It Doesn’t Work That Way

Legislation interfering with a municipal election does not violate freedom of expression ― contrary to what an Ontario judge has found

Last week was a busy one for me, as I was travelling to, around, and from Western Canada, having a good time, and giving five talks in four days, but the rest of the Canadian constitutional law world had an even busier one, courtesy of Justice Belobaba of Ontario’s Superior Court, and Doug Ford, its Premier. The former delivered a judgment invalidating the reduction, a mere two months before an election, of the number of seats on the Toronto city council: Toronto (City) v Ontario (Attorney-General), 2018 ONSC 5151. The latter responded to this judgment by bringing forward legislation that will invoke section 33 of the Charter, and allow the election to go ahead notwithstanding the fact that, according to Justice Belobaba anyway, holding it in this manner violates the freedom of expression. The Twitterverse was all atwitter; the commentariat commented; professors professed various shades of disbelief and indignation.

It would not be possible for me to recap and respond to everything, but I do want to make some observations ― even at the risk of repeating things that have already been said, and that I have missed. In this post, I will address Justice Belobaba’s reasoning. I will post separately on the use of the “notwithstanding clause” by Ontario’s legislature ― and some of the responses to it by commentators. Co-blogger Mark Mancini made a number of important points on both issues in an excellent (as always) post last week, and I largely agree with him. In particular, when it comes to Justice Belobaba’s decision, Mark is right that it “massages a chosen constitutional right” so as to “best achieve [the] result” it is after ― constitutional text and doctrine be damned. Here are some additional reasons why.

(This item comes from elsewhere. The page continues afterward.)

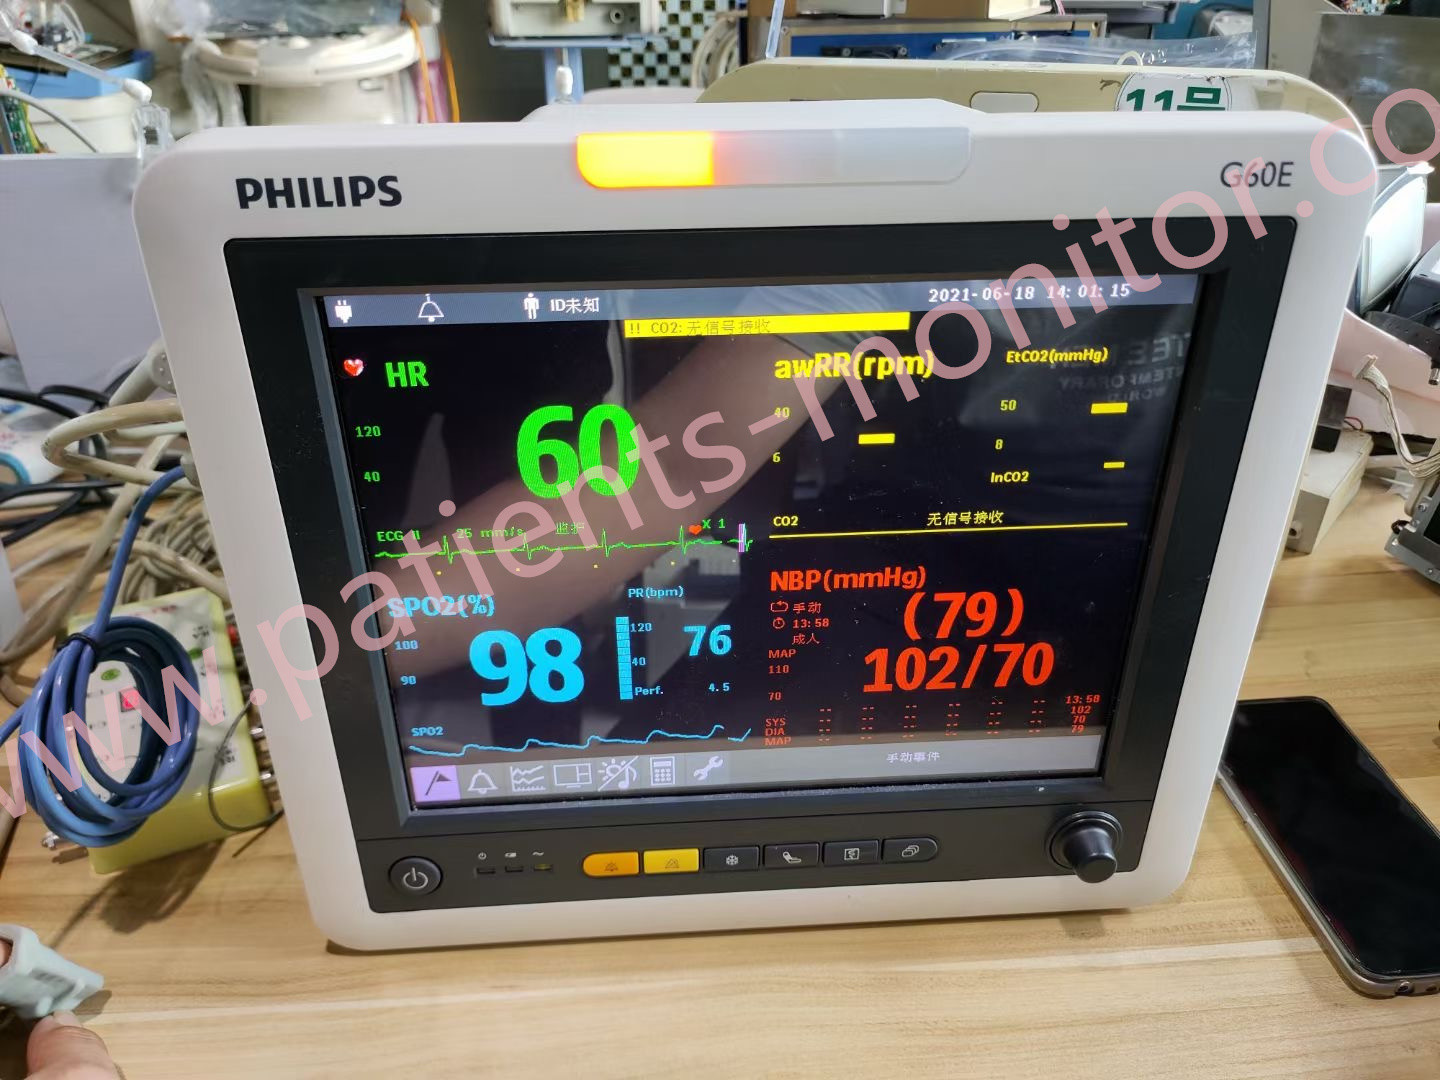 Monitor paziente di Philip G60E ICU per la clinica dell'ospedale

One thing I’d note is that the descriptions ― common in the media as well as in Justice Belobaba’s reasons ― of the redesign of the Toronto Council as having been imposed “in the middle of the city’s election” [6] need to be put into perspective. The legislation received royal assent almost 70 days before the voting was to take place. The time remaining in the election campaign was identical almost to the day to the duration of the last federal campaign ― whose length was unprecedented and, pretty much everyone agrees, quite excessive. No doubt federal and municipal elections are very different beasts; but we should perhaps hesitate before accepting the claim that the provincial legislation effectively subverted the voting process in Toronto.

Yet this is essentially what Justice Belobaba accepts when it comes to the first issue he addresses, that of “whether the enactment of Bill 5 changing the electoral districts in the middle of the City’s election campaign substantially interfered with the candidate’s [sic] right to freedom of expression.” [27; footnote omitted] Having so stated the issue, Justice Belobaba follows up with a rhetorical query: “Perhaps the better question is ‘How could it not?'” [28] Actually, there is an answer to this question, but it is worth pointing out that merely asking is not a harmless stylistic flash, but a reversal of the burden of proof, which lies on the applicants when it comes to establishing violation of their rights.

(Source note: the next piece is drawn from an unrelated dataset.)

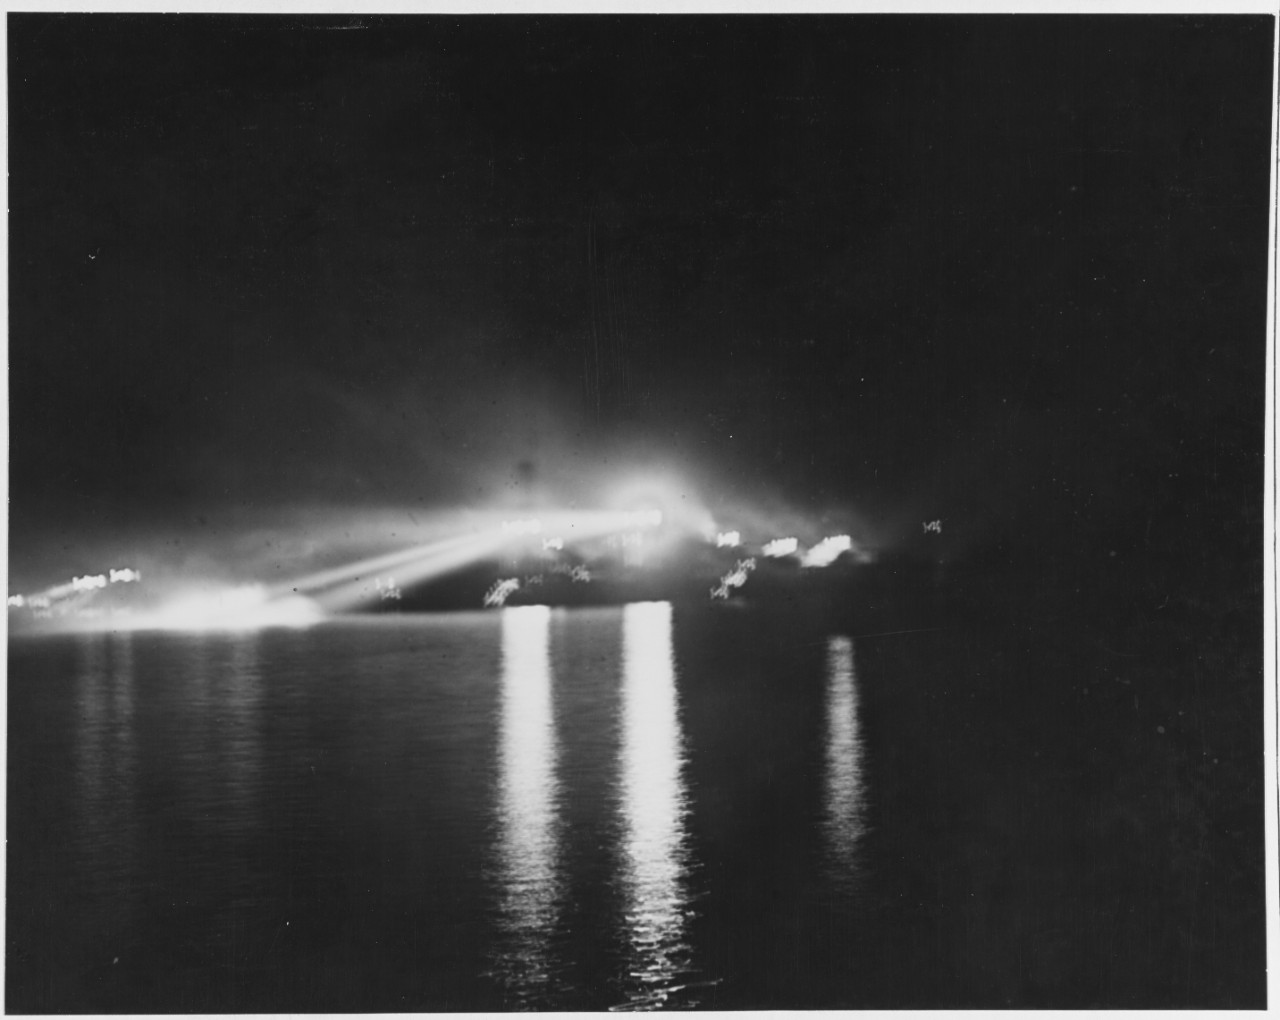 Searchlights probably at Guantanamo Bay, Cuba, 1921

Justice Belobaba insists that pre-existing electoral arrangements “informed [the candidates’] decision about where to run, what to say, how to raise money and how to publicize their views”. [29] The new legislation disrupts plans and means that some, perhaps much, of the campaigning that has already taken place will now go to waste. As a result, it “substantially interfered with the candidate’s ability to effectively communicate his or her political message to the relevant voters”. [32] It also “undermined an otherwise fair and equitable election process”. Justice Belobaba relies on Libman v Quebec (Attorney General), [1997] 3 SCR 569 for the proposition that “where a democratic platform is provided … and the election has begun, expressive activity in connection with that platform is protected against legislative interference”. [37]

Yet Libman held no such thing. It was concerned with the constitutionality of a law that prohibited persons not having joined a referendum campaign committee for spending money to make their views on the referendum issue known. This wasn’t about fairness ― indeed, fairness in the Supreme Court’s view supported the silencing of “third parties”, if not quite a complete one ― or about interference with an ongoing campaign. The contrast with the legislation here is quite telling. No one is being prevented from communicating any message to anyone. No one is told to stay out of the redesigned election campaign. Sure, the legislation is disruptive and ill-timed, and that’s a valid policy objection to it, but not any disruption of a municipal election is a violation of the candidates’ rights. Suppose a government ― whether provincial or even federal ― announces a major new policy on funding municipalities, and the announcement happens to coincide with a municipal election somewhere, effectively forcing the candidates to adjust their messaging, their spending plans, and so on, has that government thereby infringed the Charter?

As Mark noted in his post, the Charter protects our right to speak, but does not give us any assurance that our speech will be listened to, or be persuasive. Justice Belobaba’s reasons take constitutional law in a new and unwarranted direction. It’s worth noting, too, that with fixed election dates now being the norm federally and provincially, the “permanent campaign” is here to stay. Decisions about how and where to campaign are being made all the time. If any law that interferes with them, or forces prospective candidates or campaigners to revise their plans, is an interference with their freedom of expression, then there is literally no electoral legislation, regardless of when it is enacted, that is not a prima facie Charter violation. This too strikes me as an absurd consequence of Justice Belobaba’s decision.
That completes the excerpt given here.